--- START ---
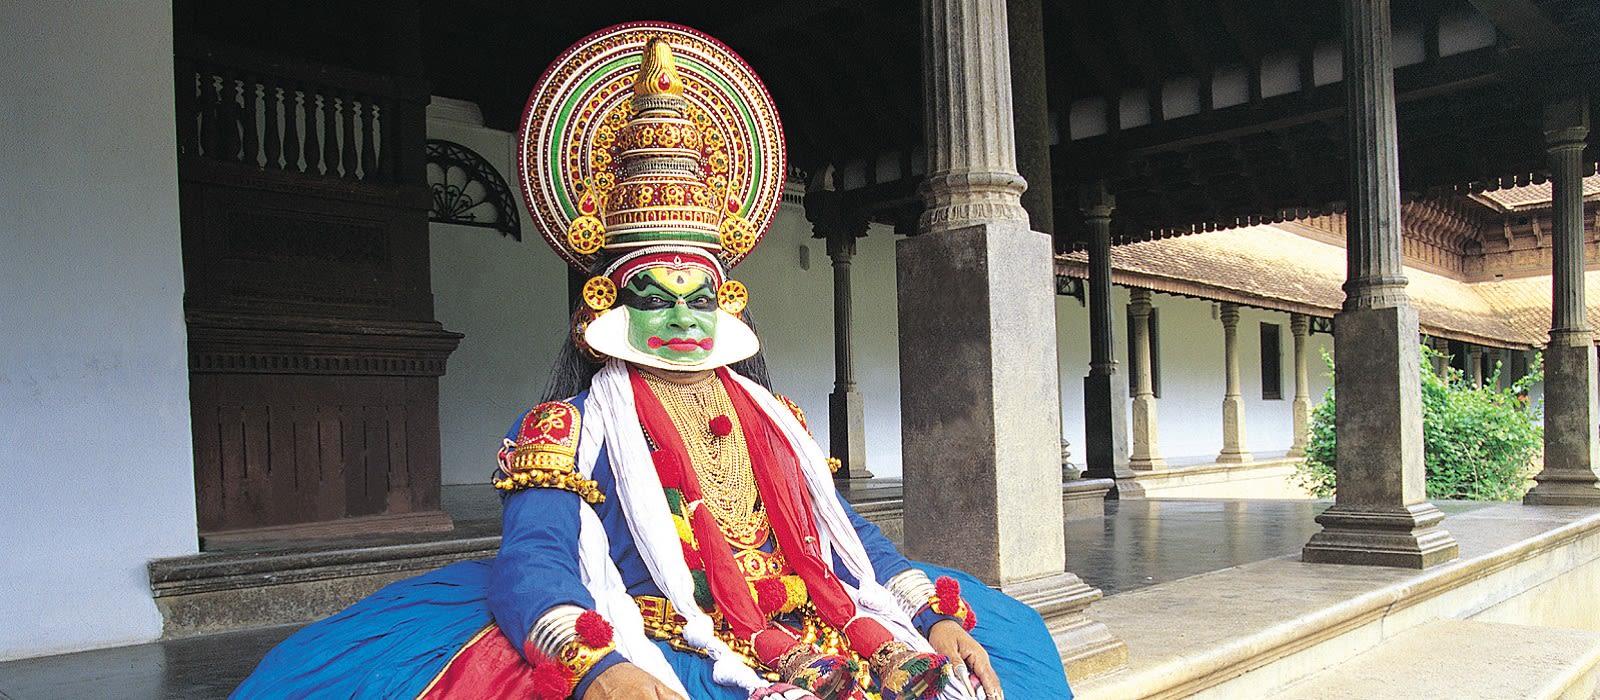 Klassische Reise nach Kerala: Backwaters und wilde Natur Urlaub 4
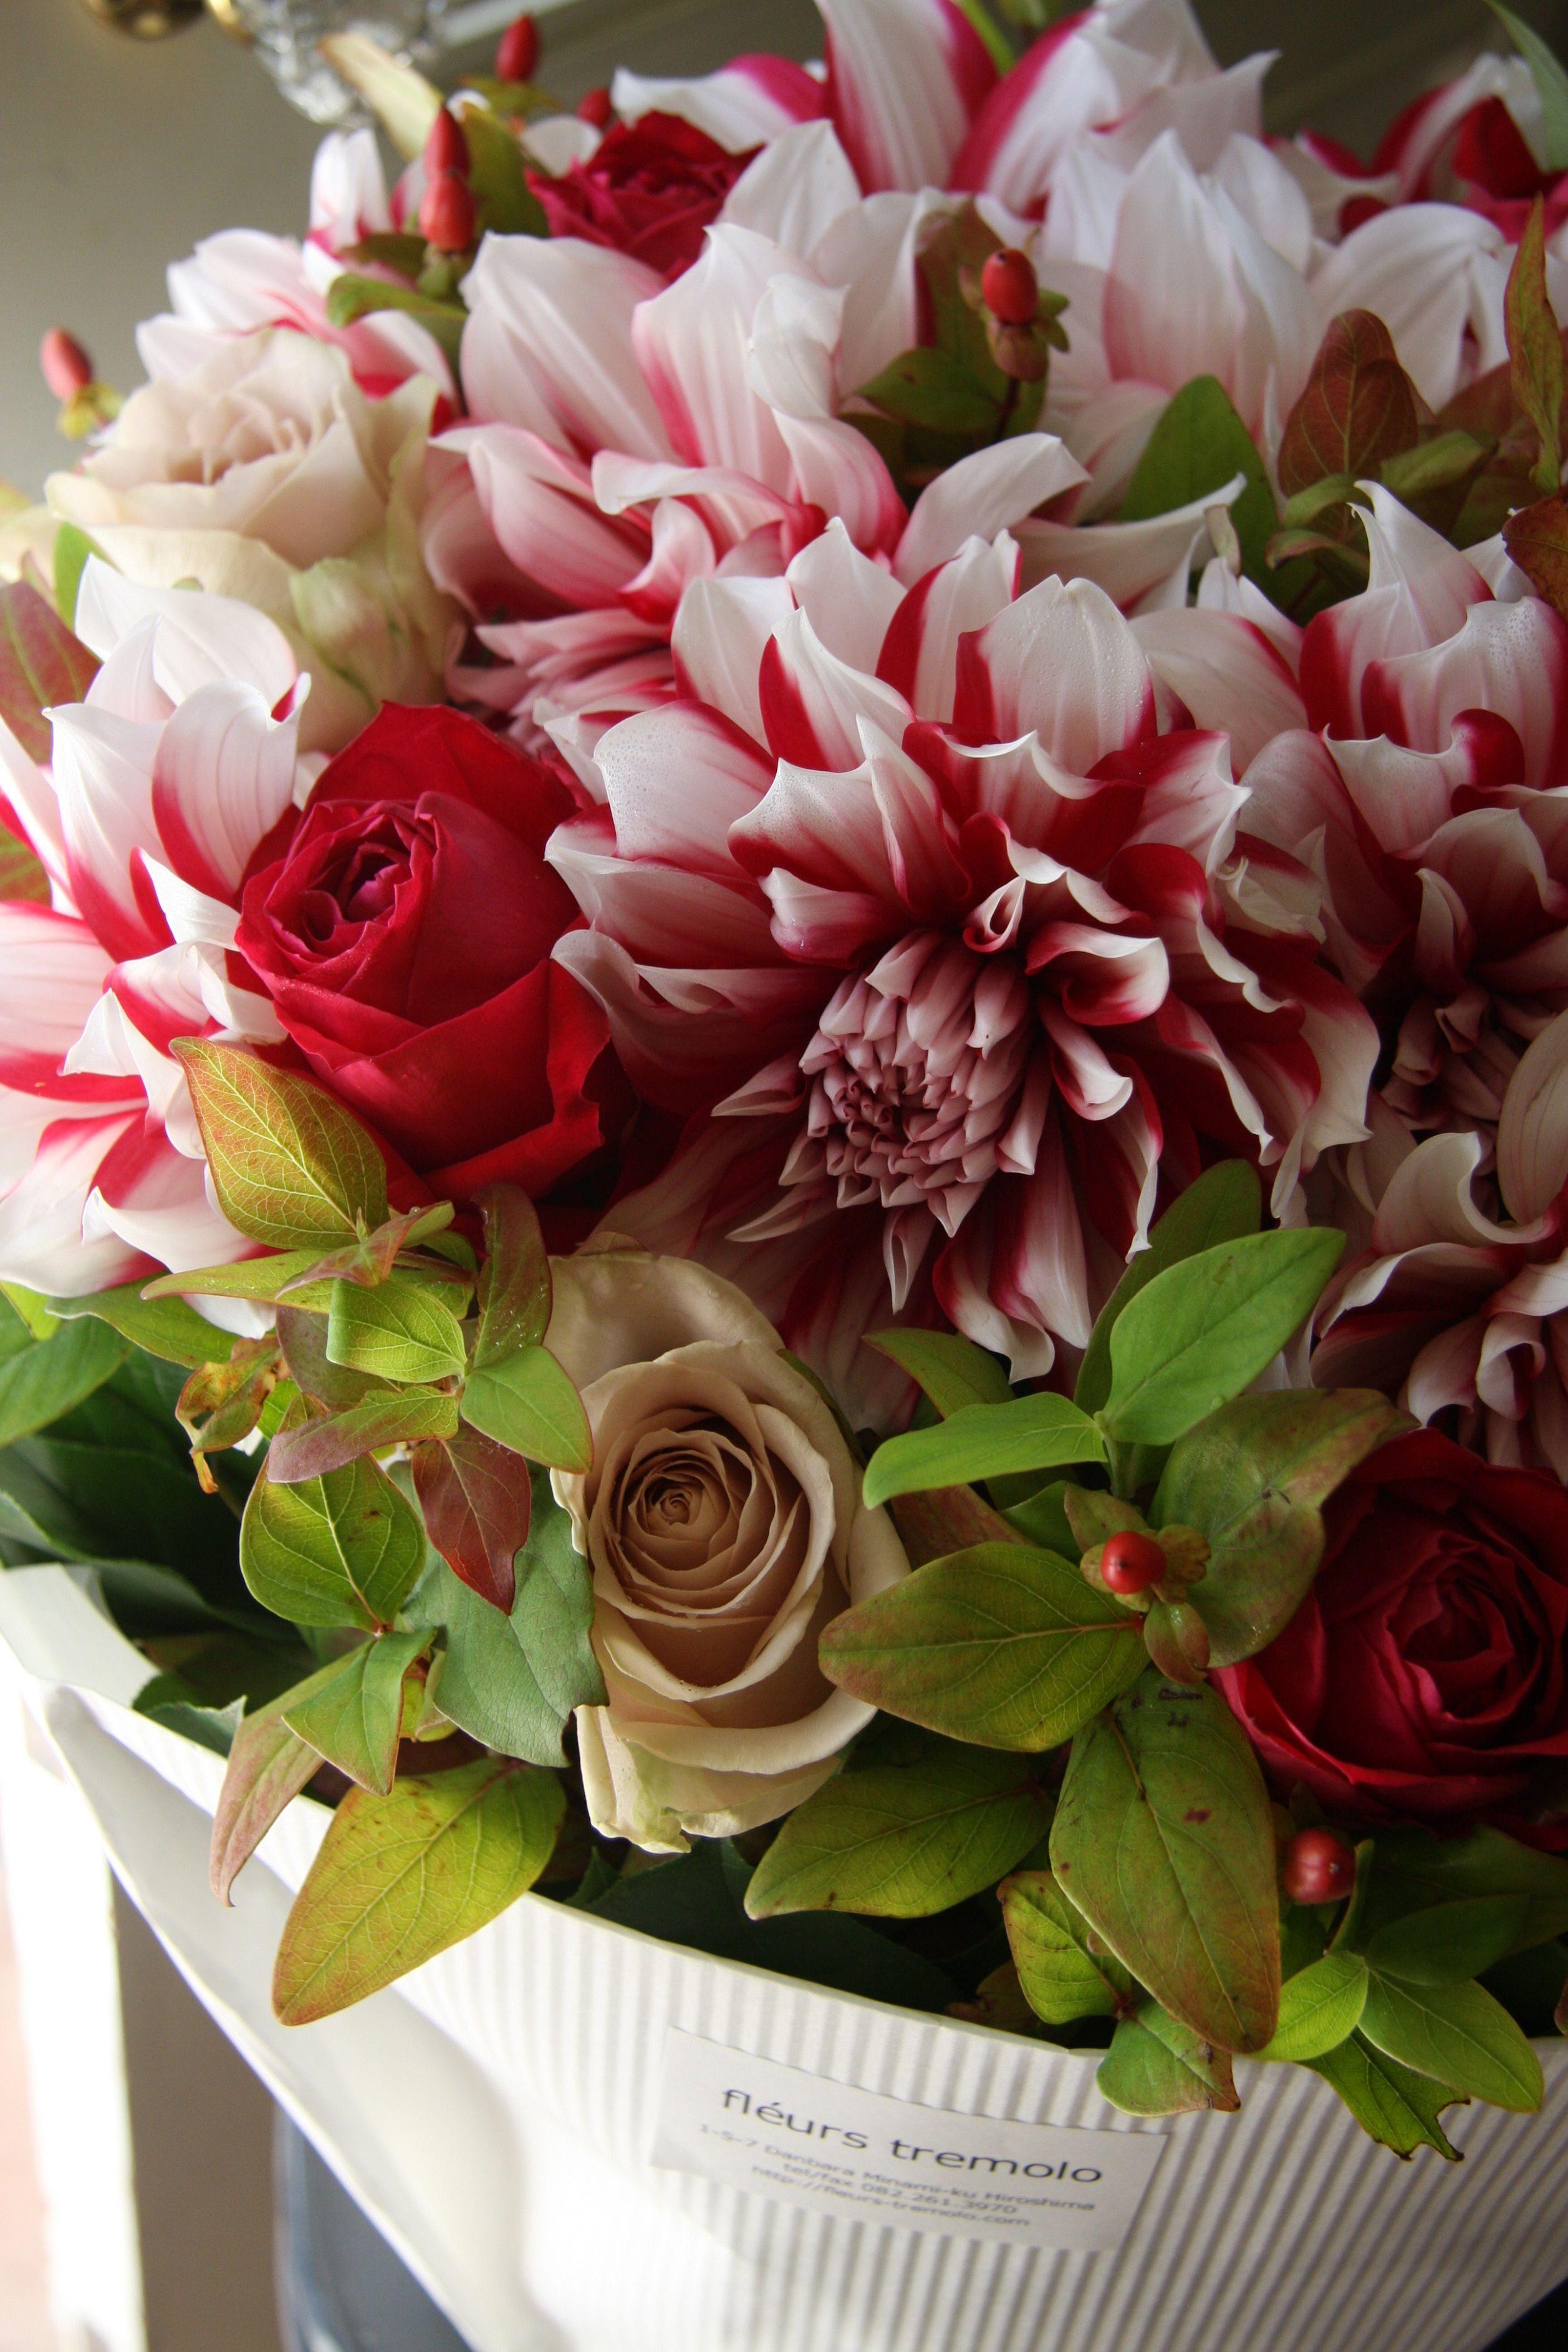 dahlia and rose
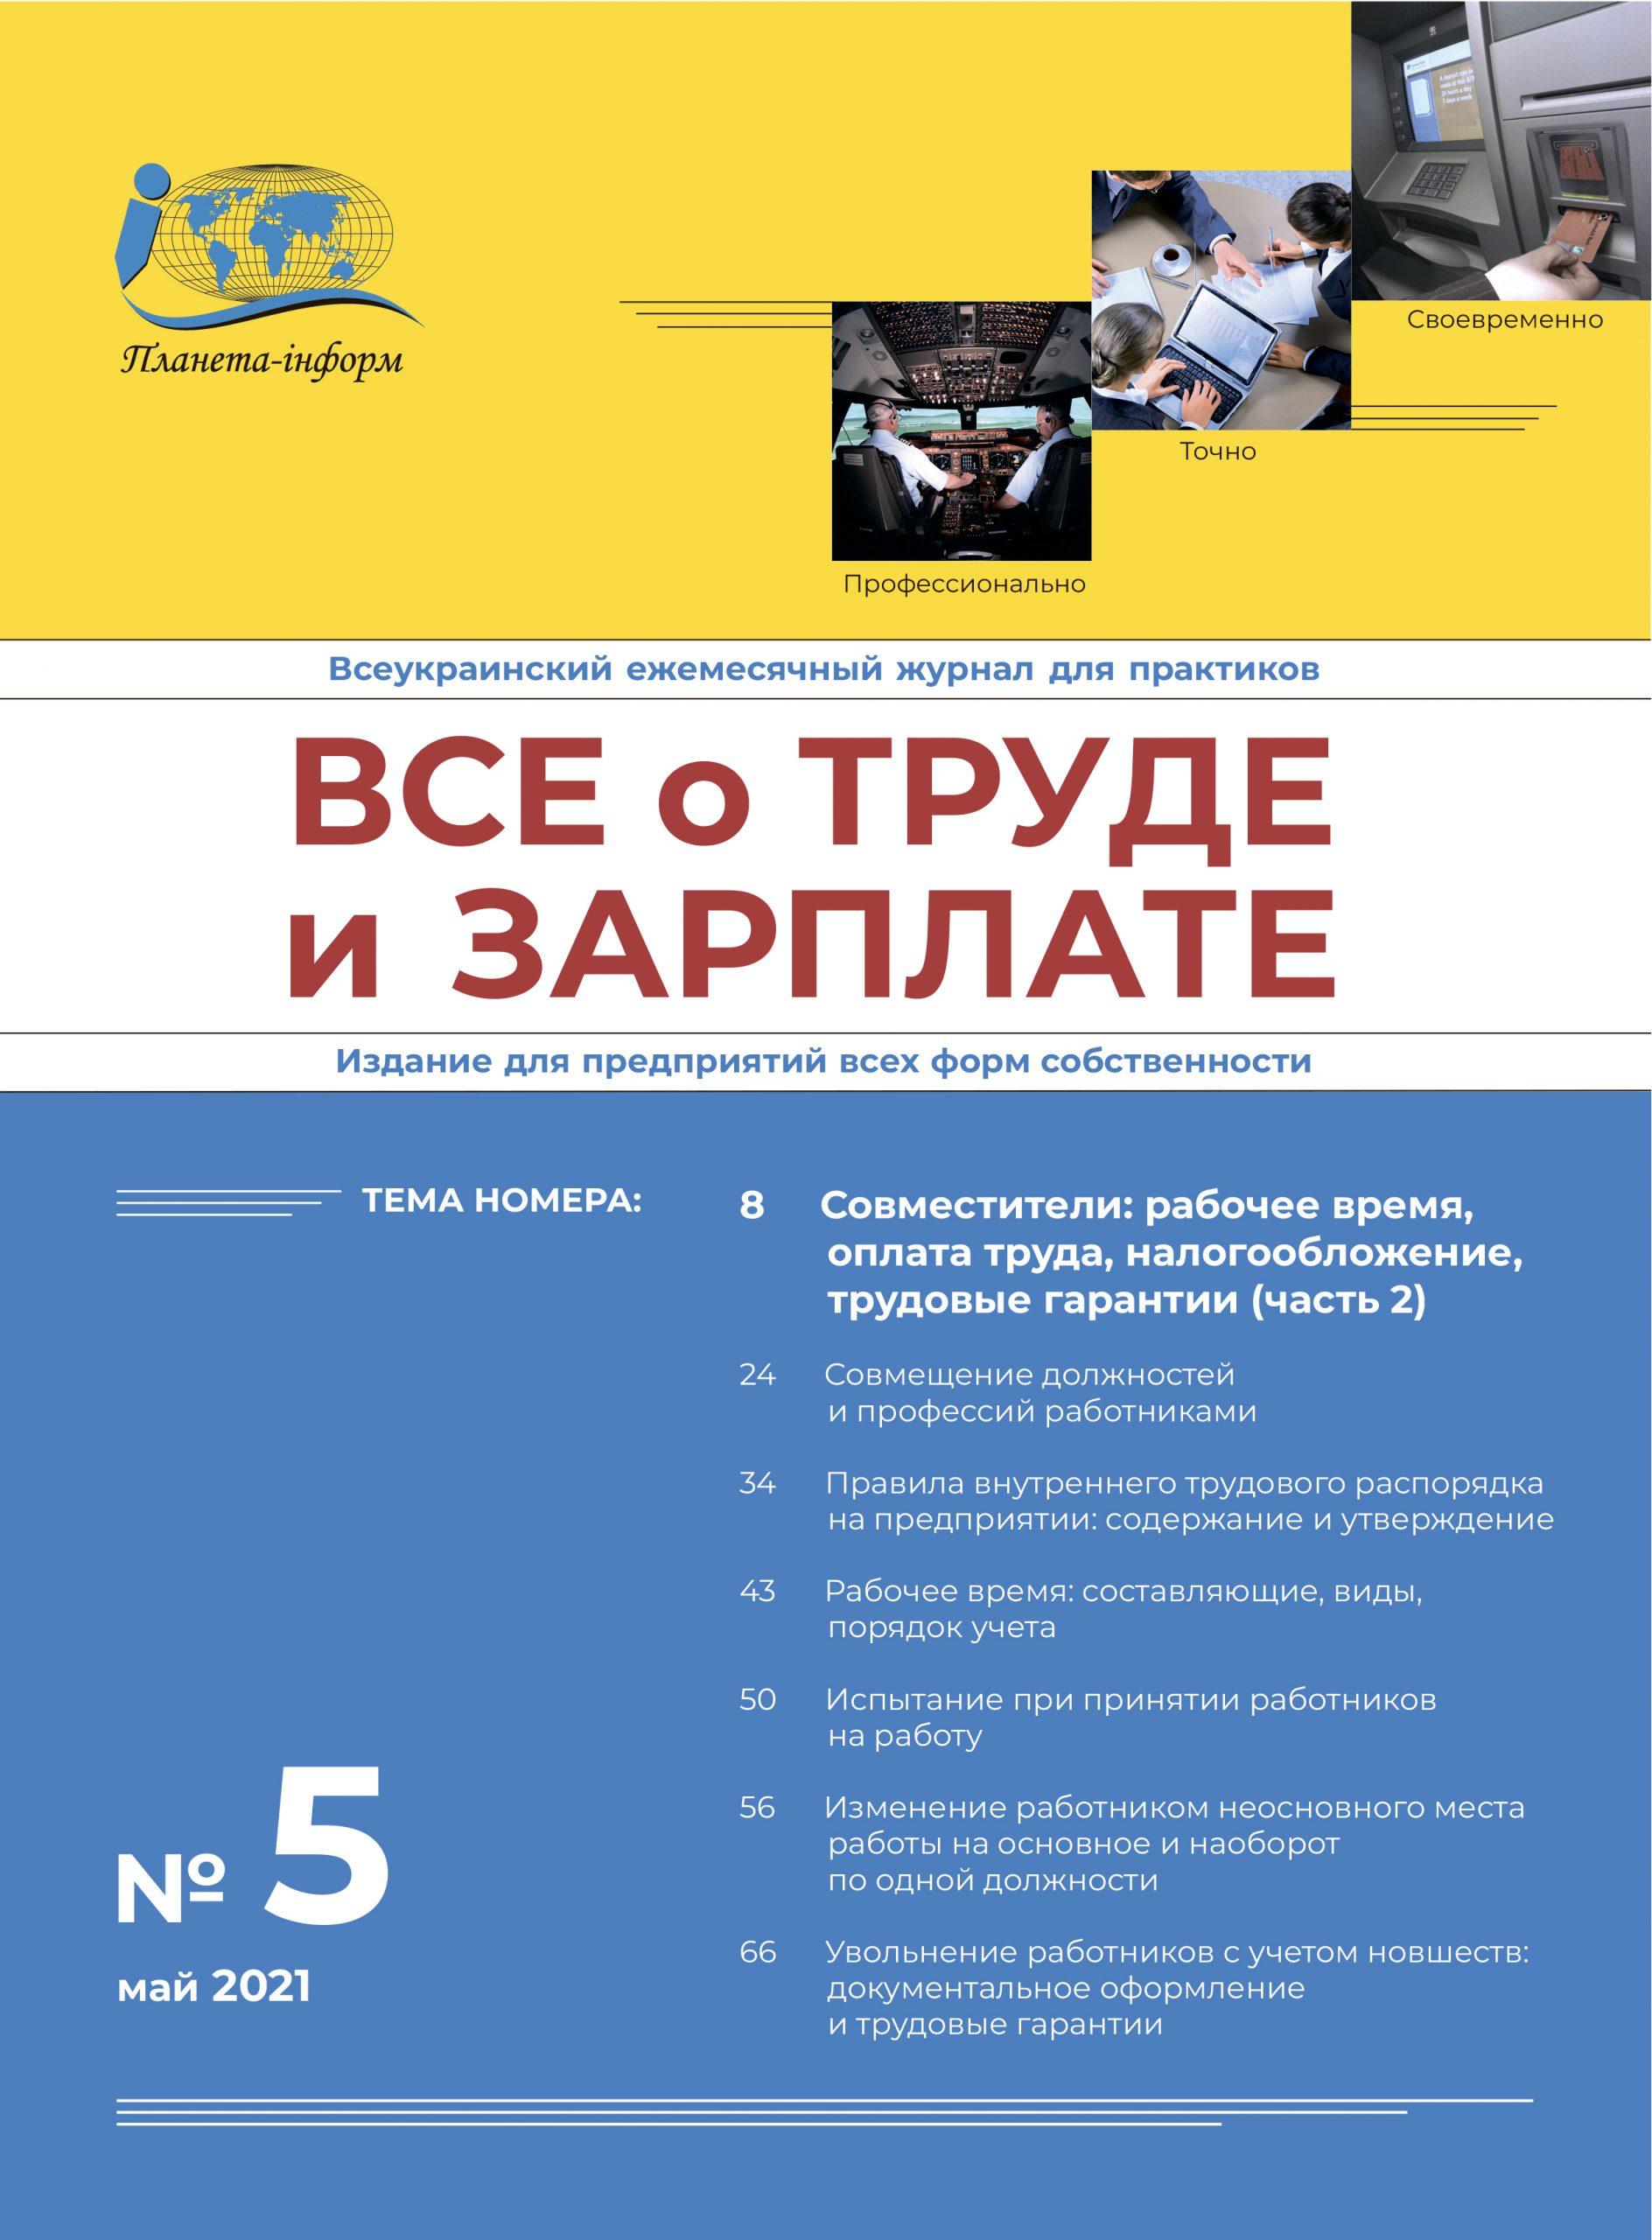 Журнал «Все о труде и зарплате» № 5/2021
--- END ---
* [Prompt]:
Please produce an exact copy of all the material, leaving out the pictures.

* [Task output]:
 Klassische Reise nach Kerala: Backwaters und wilde Natur Urlaub 4
 dahlia and rose
 Журнал «Все о труде и зарплате» № 5/2021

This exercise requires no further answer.